Произнесенные слова навели его на новую мысль. Быть может, то же верно и в случае с проказой Франциска? Может, Бог еще не счел своевременным обнародовать его открытие? Не для того ли Джироламо просил его выждать две недели, чтобы он примирился с этой мыслью? Он уже не был уверен ни в чем, кроме своей неуверенности, тяжело лежавшей у него под ложечкой, как непереваренное жаркое.
– Есть и другая новость, – робко заговорила Амата, и по ее лицу Конрад угадал, что новость хорошая.
Он улыбнулся:
– Объявился твой купец?
– Еще лучше того, – Амата. – в позапрошлое воскресенье огласили в церкви предстоящий брак. Хотим, чтобы ты нас обвенчал, ведь ты-то и свел нас вместе.
Конрад подсчитал на пальцах.
– Оглашение нужно повторить еще два раза. Последний выпадает на воскресенье перед...
– Перед праздником Святых Стигматов, праздником дяди Орфео, – подхватила Амата. – Мы уже сообразили.

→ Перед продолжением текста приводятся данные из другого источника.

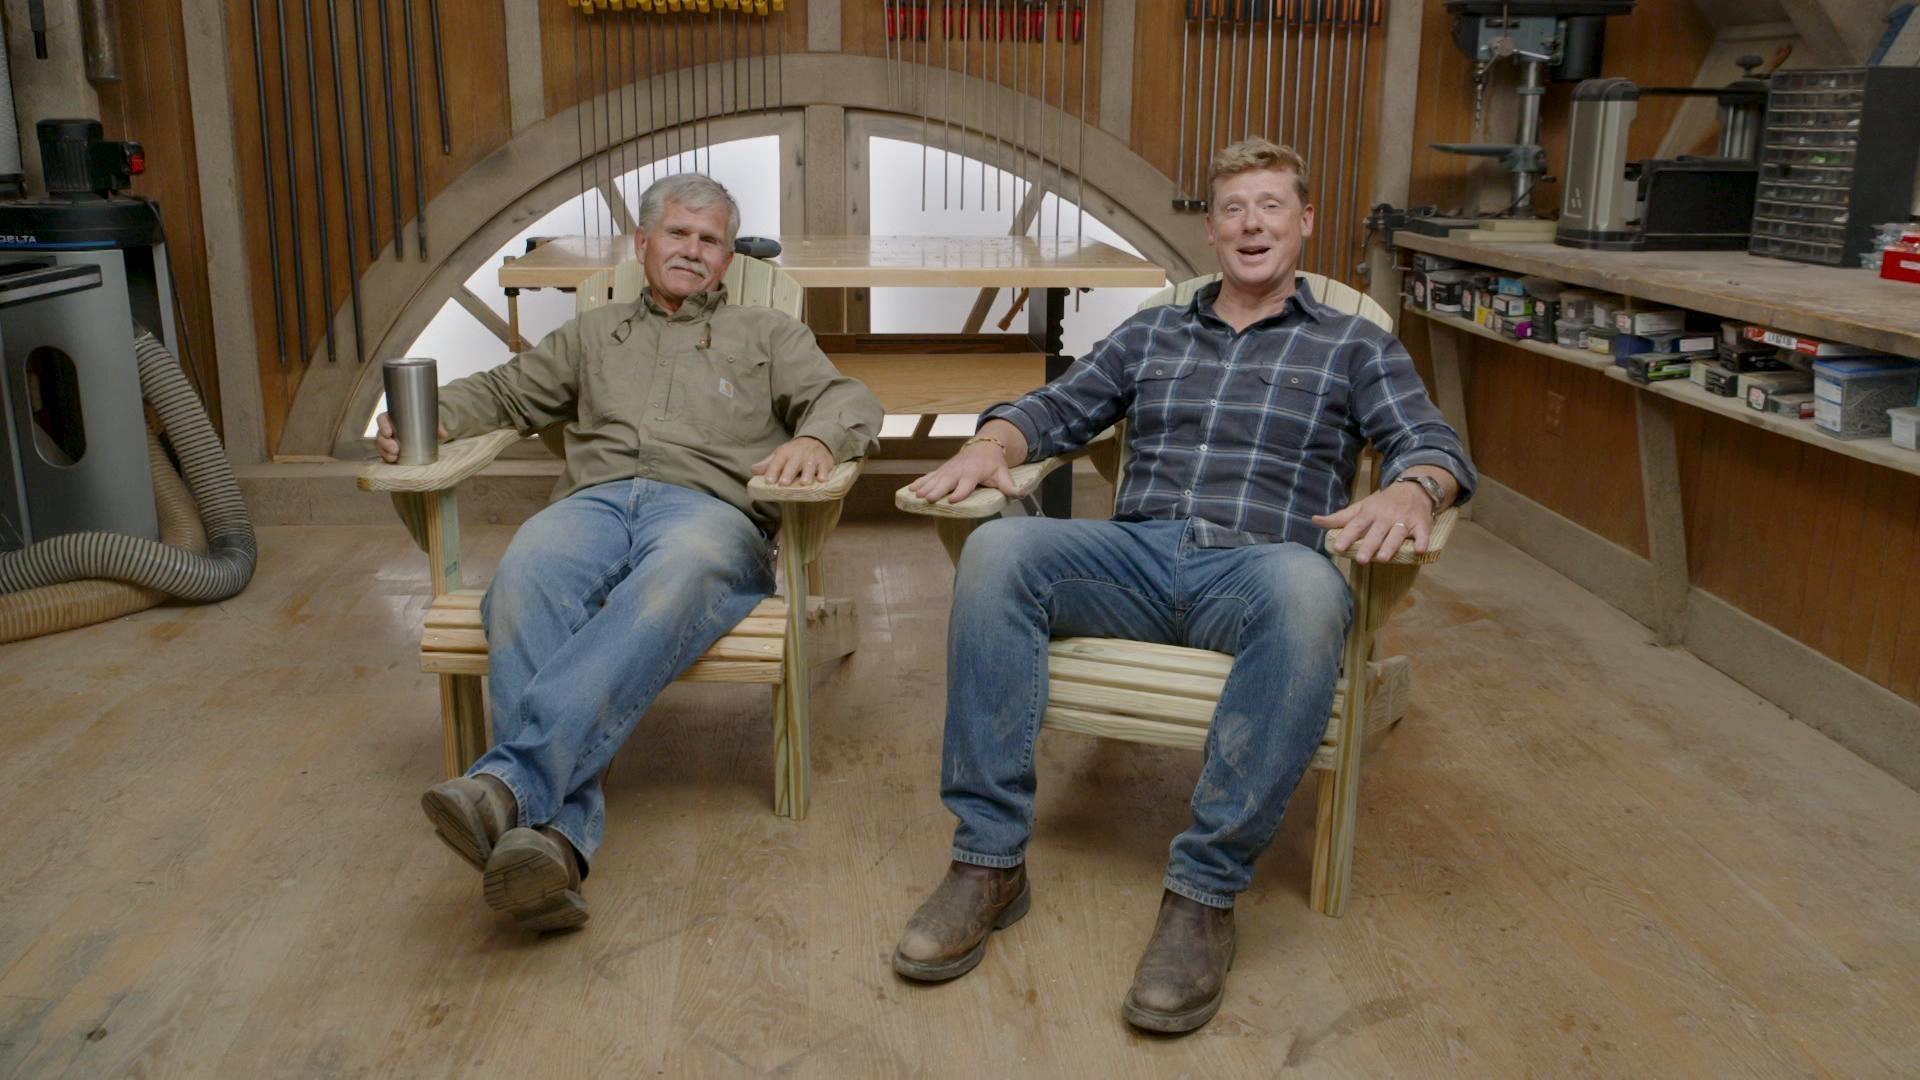 E11 | Garden Upgrade, Adirondack Chair | Ask This Old House

Орфео считает, это самый добрый знак – что венчание совпадает с датой главного чуда, посланного его дяде Франческо. Говорит, мы можем притвориться, что все украшения и песнопения – в нашу честь. И уж конечно, святой Франциск благословит наш брак множеством детей.
Конрад больше не улыбался, но оставил при себе свои сомнения. Вот и первое испытание обещания, данного им генералу ордена. Он просто кивнул:
– Стало быть, в день празднества Святых Стигматов. Поглощенная радостным волнением, Амата не заметила, как переменилось его лицо.